Und die Jungfrau nahm ihr das Kind aus den Armen weg und mit sich in den Himmel. Am Morgen, als das Kind abermals verschwunden war, sagten die Leute ganz laut, die Königin hätte es verschlungen, und des Königs Räte verlangten, dass sie sollte gerichtet werden. Der König aber hatte sie so lieb, dass er es nicht glauben wollte, und befahl den Räten bei Leibes- und Lebensstrafe, nicht mehr darüber zu sprechen.

Im nächsten Jahr gebar die Königin ein schönes Töchterlein, da erschien ihr zum dritten Mal nachts die Jungfrau Maria und sprach: »Folge mir.«

Sie nahm sie bei der Hand und führte sie in den Himmel, und zeigte ihr da ihre beiden ältesten Kinder, die lachten sie an und spielten mit der Weltkugel. Als sich die Königin darüber freute, sprach die Jungfrau Maria: »Ist dein Herz noch nicht erweicht? Wenn du eingestehst, dass du die verbotene Tür geöffnet hast, so will ich dir deine beiden Söhnlein zurückgeben.«

Aber die Königin antwortete zum dritten Mal: »Nein, ich habe die verbotene Tür nicht geöffnet.«

Da ließ sie die Jungfrau wieder zur Erde hinabsinken und nahm ihr auch das dritte Kind.

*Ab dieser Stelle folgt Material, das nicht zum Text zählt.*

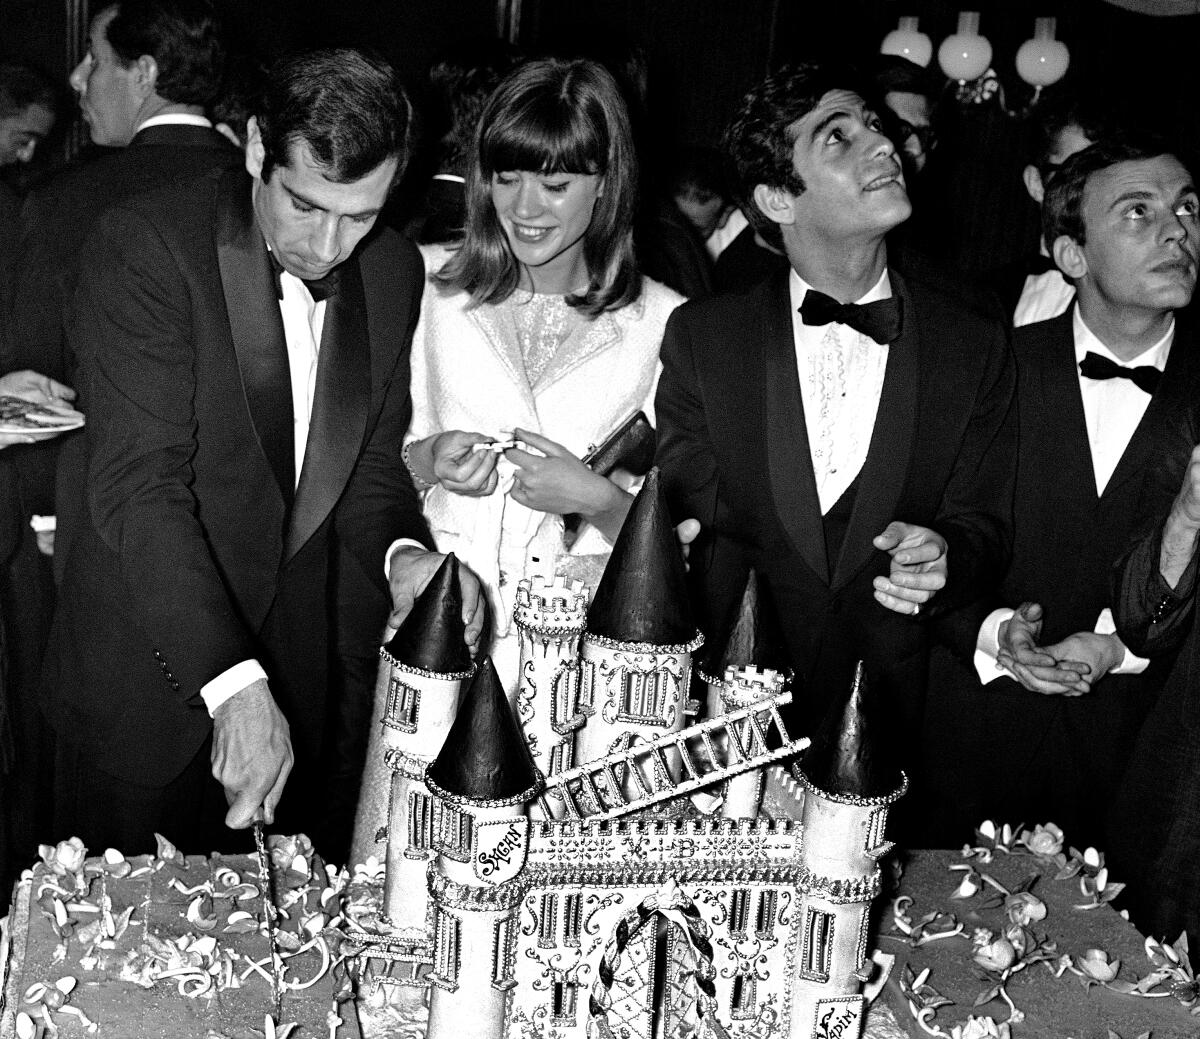 A man, standing next to a woman and two other men, cutting a large cake in the form of a castle

Am andern Morgen, als es ruchbar ward, riefen alle Leute laut: »Die Königin ist eine Menschenfresserin, sie muss verurteilt werden.«

Und der König konnte seine Räte nicht mehr zurückweisen. Es ward ein Gericht über sie gehalten, und weil sie nicht antworten und sich nicht verteidigen konnte, ward sie verurteilt, auf dem Scheiterhaufen zu sterben. Das Holz wurde zusammengetragen, und als sie an einen Pfahl festgebunden war und das Feuer ringsumher zu brennen anfing, da schmolz das harte Eis des Stolzes und ihr Herz ward von Reue bewegt, und sie dachte: »Könnt ich nur noch vor meinem Tode gestehen, dass ich die Tür geöffnet habe.«

Da kam ihr die Stimme, dass sie laut ausrief: »Ja, Maria, ich habe es getan!«

Und alsbald fing der Himmel an zu regnen und löschte die Feuerflammen, und über ihr brach ein Licht hervor, und die Jungfrau Maria kam herab und hatte die beiden Söhnlein zu ihren Seiten und das neugeborene Töchterlein auf dem Arm. Sie sprach freundlich zu ihr: »Wer seine Sünde bereut und eingesteht, dem ist sie vergeben.«

Und reichte ihr die drei Kinder, löste ihr die Zunge und gab ihr Glück für das ganze Leben.